- Operating System: MacOS
- brms Version: 2.14.4
When I fit a model to truncated data using trunc()
, the parameter summary does a good job capturing the data-generating values. However, the fitted lines from conditional_effects()
and fitted()
do not seem to be based on these values. What am I missing?
Example:
library(tidyverse)
library(brms)
# populaiton n
n <- 1e6
# set the population parameters for y based on a simple linear model
b0 <- 0
b1 <- 0.5
sigma <- 1
# simulate
set.seed(1)
d <-
# the predictor x is a standard normal
tibble(x = rnorm(n, mean = 0, sd = 1)) %>%
# compute y
mutate(y = rnorm(n, mean = b0 + b1 * x, sd = 1))
Now truncate the population by discarding any y
values less than or equal to -1.
d_t <-
d %>%
filter(y > -1)
About 81% of the original cases remain.
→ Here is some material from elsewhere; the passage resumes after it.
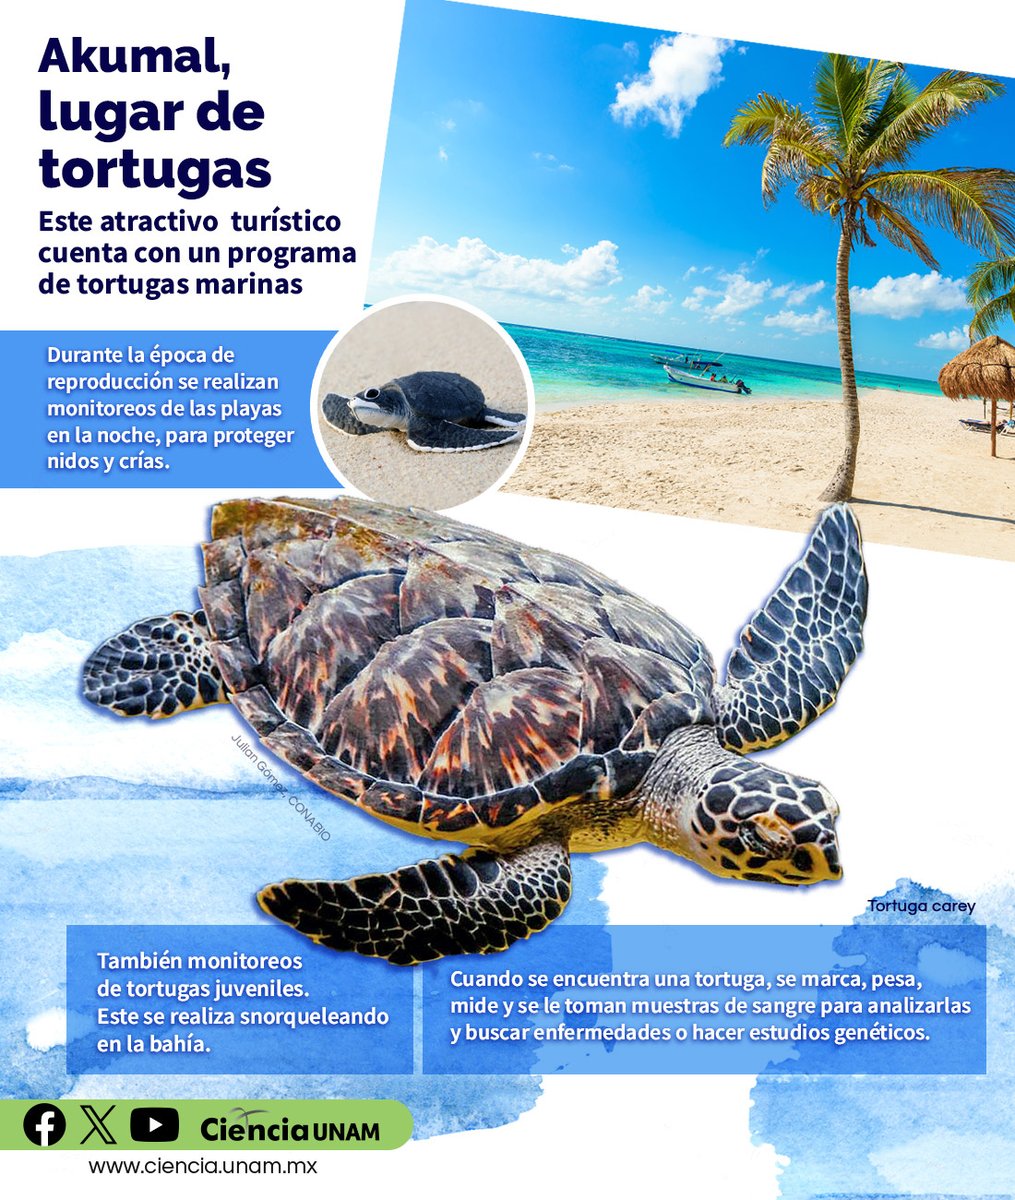 #AmbienteyNaturaleza | En Akumal, Quintana Roo puedes observar a tres de las siete especies de #tortugas marinas que existen en el mundo. Te contamos de este lugar regulado que prevé la conservación de las especies: lc.cx/Zmimr8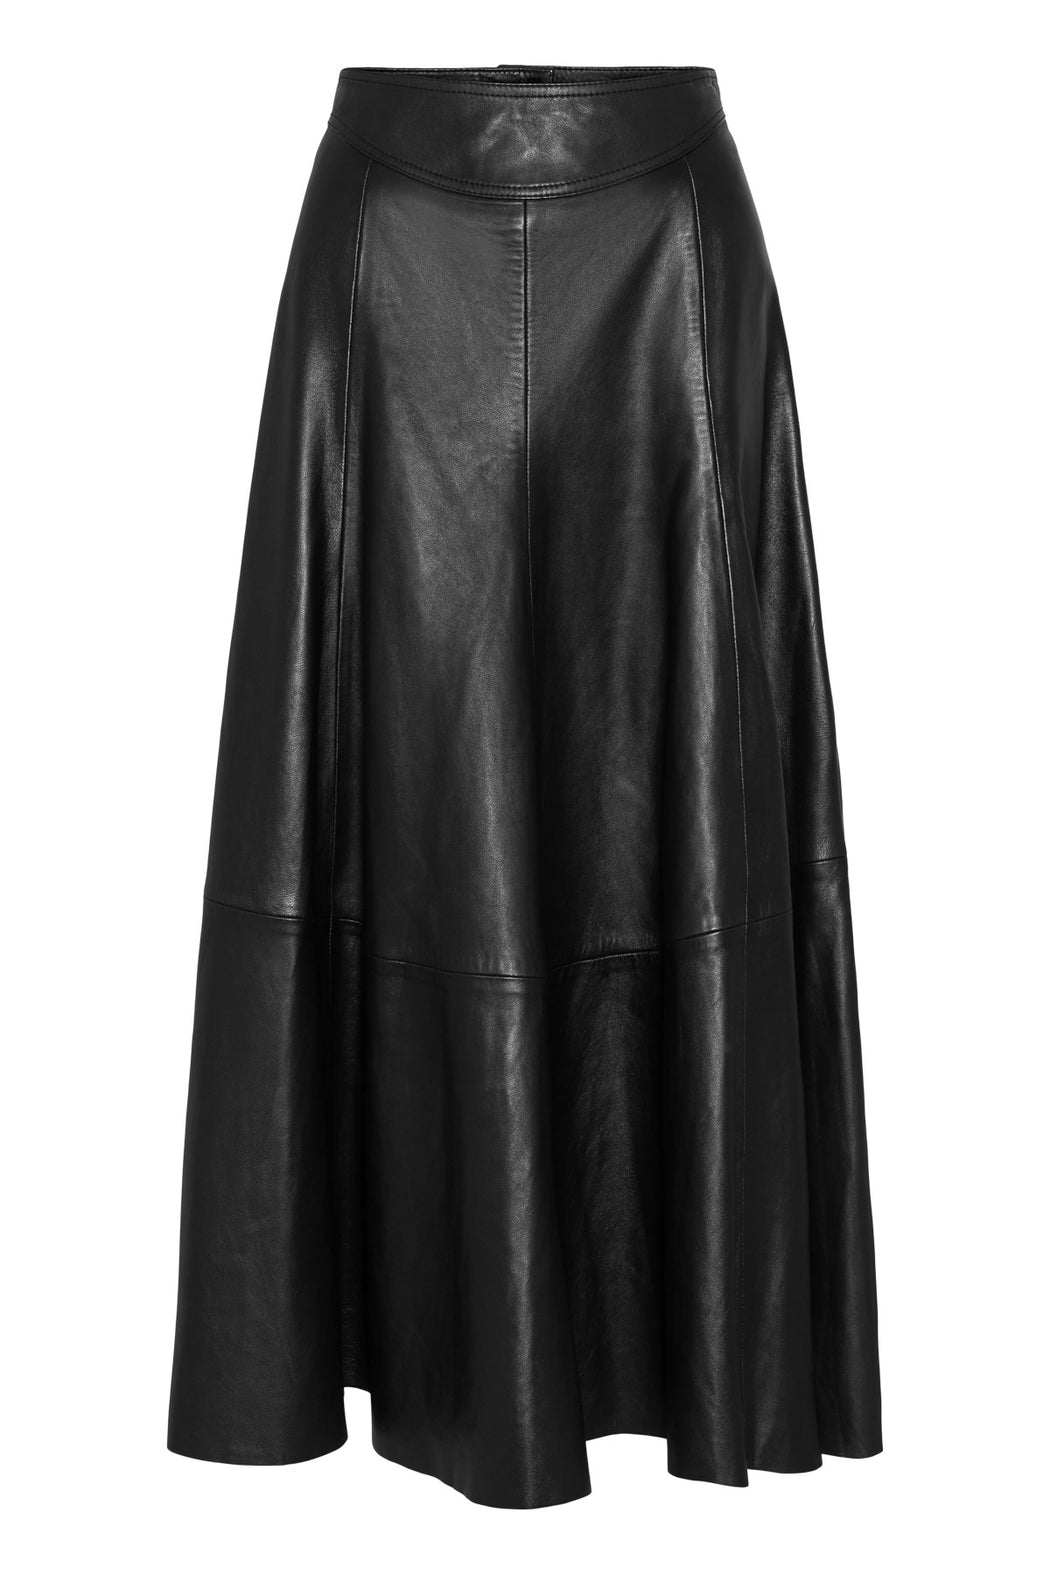 Envelope1976 Mika skirt - Leather Skirt Black

Now take a random sample of n = 1{,}000 from the truncated population.
set.seed(1)
d_t_1e3 <-
d_t %>%
sample_n(size = 1e3)
Fit a model on the truncated data using the y | trunc(lb = -1)
syntax in the formula
argument.
m1 <-
brm(data = d_t_1e3,
y | trunc(lb = -1) ~ 1 + x,
cores = 4, chains = 4)
The model summary suggests the model did a pretty okay job capturing the true values from the simple linear model that generated the original data,
print(m1)
Family: gaussian
Links: mu = identity; sigma = identity
Formula: y | trunc(lb = -1) ~ 1 + x
Data: d_t_1e3 (Number of observations: 1000)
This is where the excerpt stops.